Ach ja, da war ja was: _"Top, die Wette gilt!"_ 

Und die sind diesmal wirklich top!
Darunter ein Kandidat, der Brettspiele an ihrem Geräusch beim Ausschütten erkennt. Zwei Freunde, die sich auf einer Achterbahnfahrt Handys zuwerfen und ein Klimaaktivist, der mit Kreuzblick Fingerabdrücke identifiziert und Wettkönig wird. 
Das hat durchaus Unterhaltungswert – auch für jüngere Zuschauer, die auf Drängen ihrer Eltern an diesem Samstag eine Prise Nostalgie atmen sollen. 

Mediales Lagerfeuer 2.0. 
Nur das mit dem Vorspulen geht leider nicht, wenn auf der berühmten Couch wieder einmal Peinlichkeiten ausgetauscht werden. 
Ungläubiges Kopfschütteln als Gottschalk fragt, ob *Veronica Ferres*_ "ein Mitspracherecht hat"_, wenn ihre 21-jährige Tochter *Lilly Krug* (ebenfalls auf dem Sofa) _"mal mit einem Kerl ankommt"_. 🙈

Dafür sorgen *Michael "Bully" Herbig,* *Christoph Maria Herbst* (der den sehr entspannten* Robbie Williams* mit einem fiesen Koks-Witz piesackt), US-Star *John Malkovich *und *Herbert Grönemeyer* für ein paar wunderbare Momente. 

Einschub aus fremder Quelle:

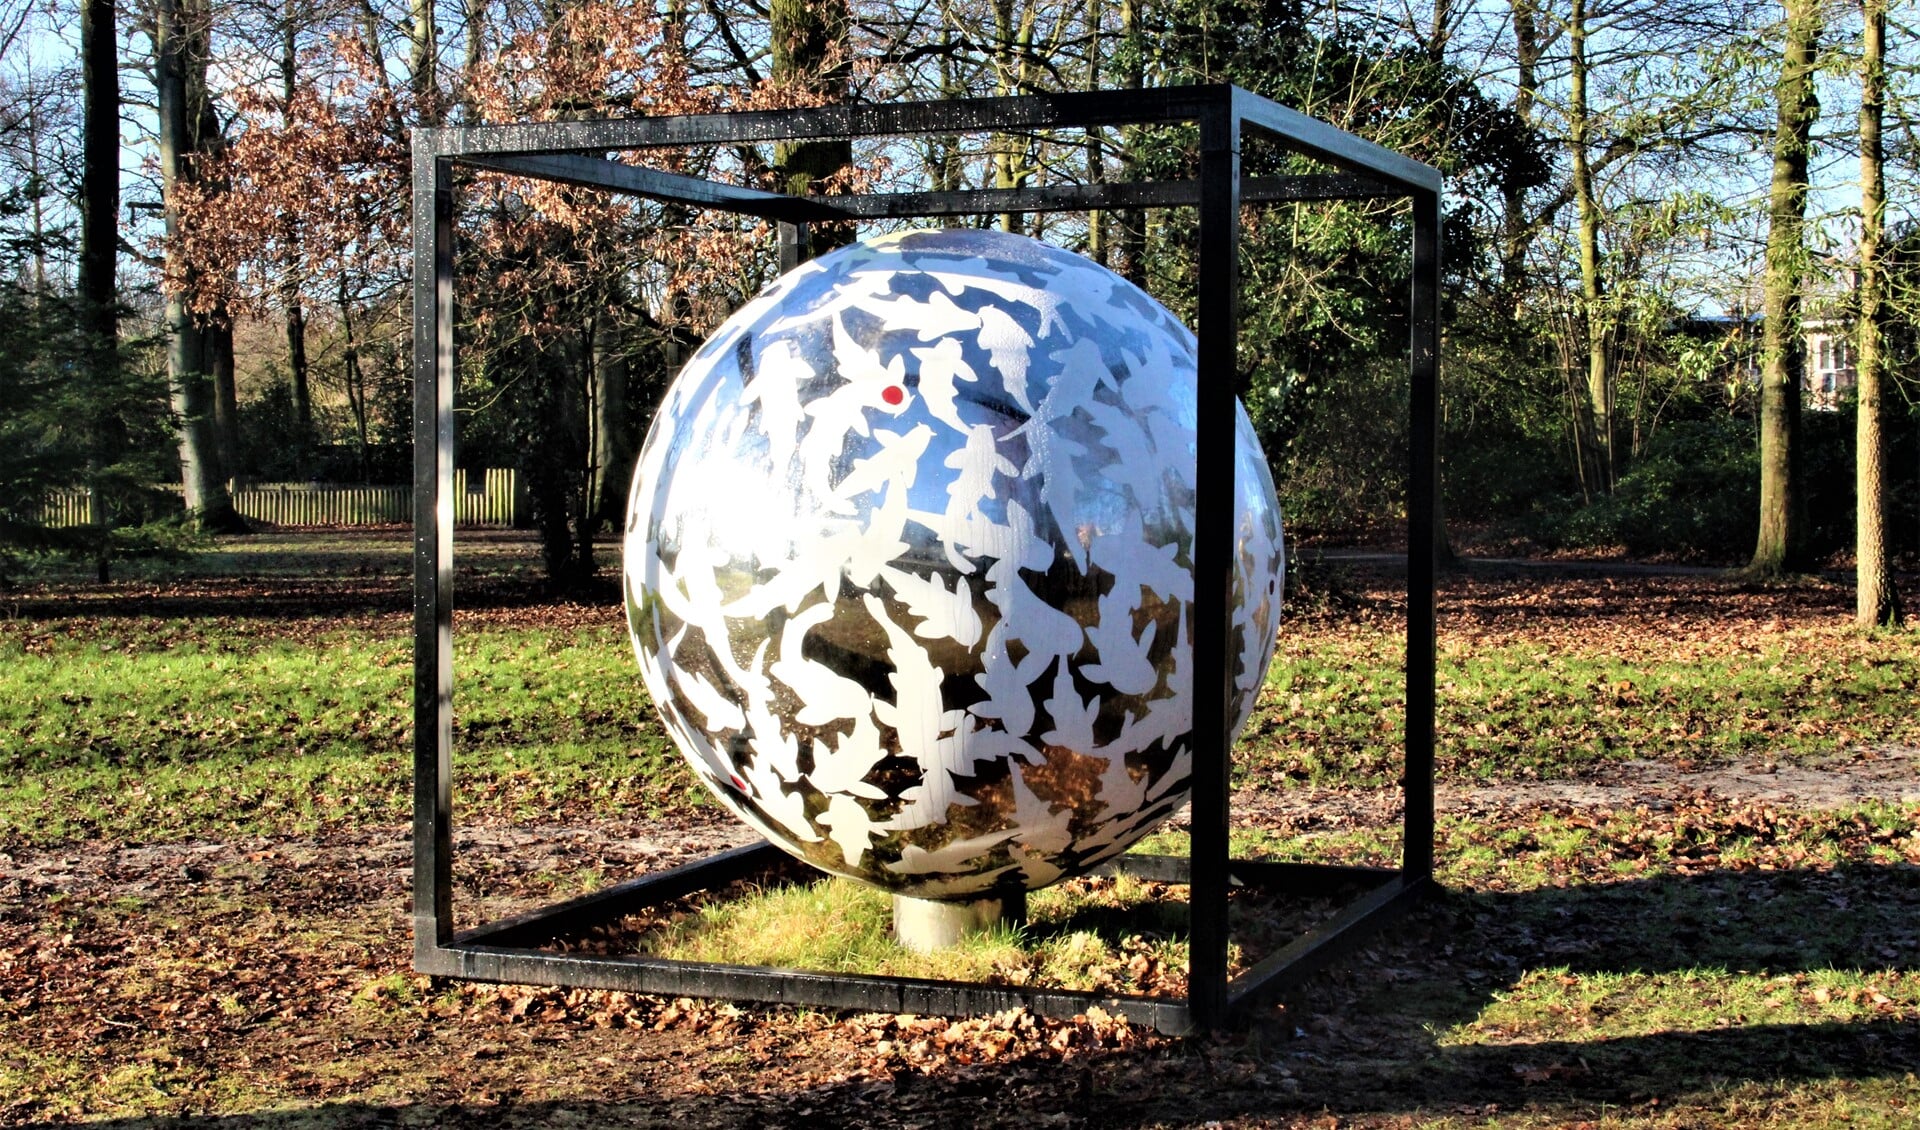 ‘Together We Are’een beeld van William Rosewood in Park Vreugd en Rust, zijde Parkweg Voorburg Oud (foto: Marian Kokshoorn).

Lichtblicke in einer Show, die sich eigentlich mittlerweile überholt hat – trotz oder inzwischen vielleicht wegen Gottschalk?


----------



## TNT (21 Nov. 2022)

Nach der Klatschparade am Anfang, nach gut 90 Sekunden weg gezappt


----------



## krawutz (21 Nov. 2022)

Habs nur ausschnittweise gesehen. Eigentlich war es wie früher auch schon : Gottschalk wusste von nix, Hunziker wusste alles und die Kandidaten haben das gemacht, was sie auch gemacht hätten, wenn T.G. nicht da gewesen wäre.
Einziger kleiner Unterschied : Gottschalk war eine Winzigkeit weniger um Körperkontakt zu den Anwesendinnen (oder wie immer das jetzt heißen mag) bemüht.


----------



## didi33 (21 Nov. 2022)

Ein wirrer alter Mann, der schon seit gut 25 Jahren aus der Zeit gefallen ist als letzte Bastion der Samstagabendschow im ZDF mehr muss man dazu nicht sagen.


----------



## Nastyghost (21 Nov. 2022)

Die Wetten abwechslungsreich und gut. Hunziker unerträglich aufdringlich und schrill wie immer. Gottschalk zwiespältig wie so oft. Aber die immer gleichen langweiligen und nervigen Leute auf der Couch und der Bühne. Für mich naja und flop.


----------



## congo64 (21 Nov. 2022)

"Wetten, dass..?" ich nicht eine Sekunde gesehen habe, kann also zu dem Thema nichts beitragen.​Vieles sollte man nicht aufwärmen, diese Sendung scheint dazu zu gehören.


----------



## Spok007 (23 Nov. 2022)

Ich hab Michelle Hunziker, Lilly Krug und Gulia Gwinn verpasst?
Dann muss ich wohl mal in der Mediathek nachschauen, ob sich da nicht doch ein paar Szenen lohnen 😉
Früher hätte @SnoopyScan da bestimmt einen Megapost dazu erstellt 😢


----------



## tosti2408 (26 Nov. 2022)

Als Weihnachtsspecial ja noch so etwas wie sinnig, als Widerauferstehung der Freitagabendshow absolut der Flop


----------



## TheHitcher (13 Dez. 2022)

Wetten dass Top, Gottschalk Schrott. Der Mann soll bei RTL bleiben, da passt er gut hin.


----------



## vdbnvqenklj123f89nj (Samstag um 11:23)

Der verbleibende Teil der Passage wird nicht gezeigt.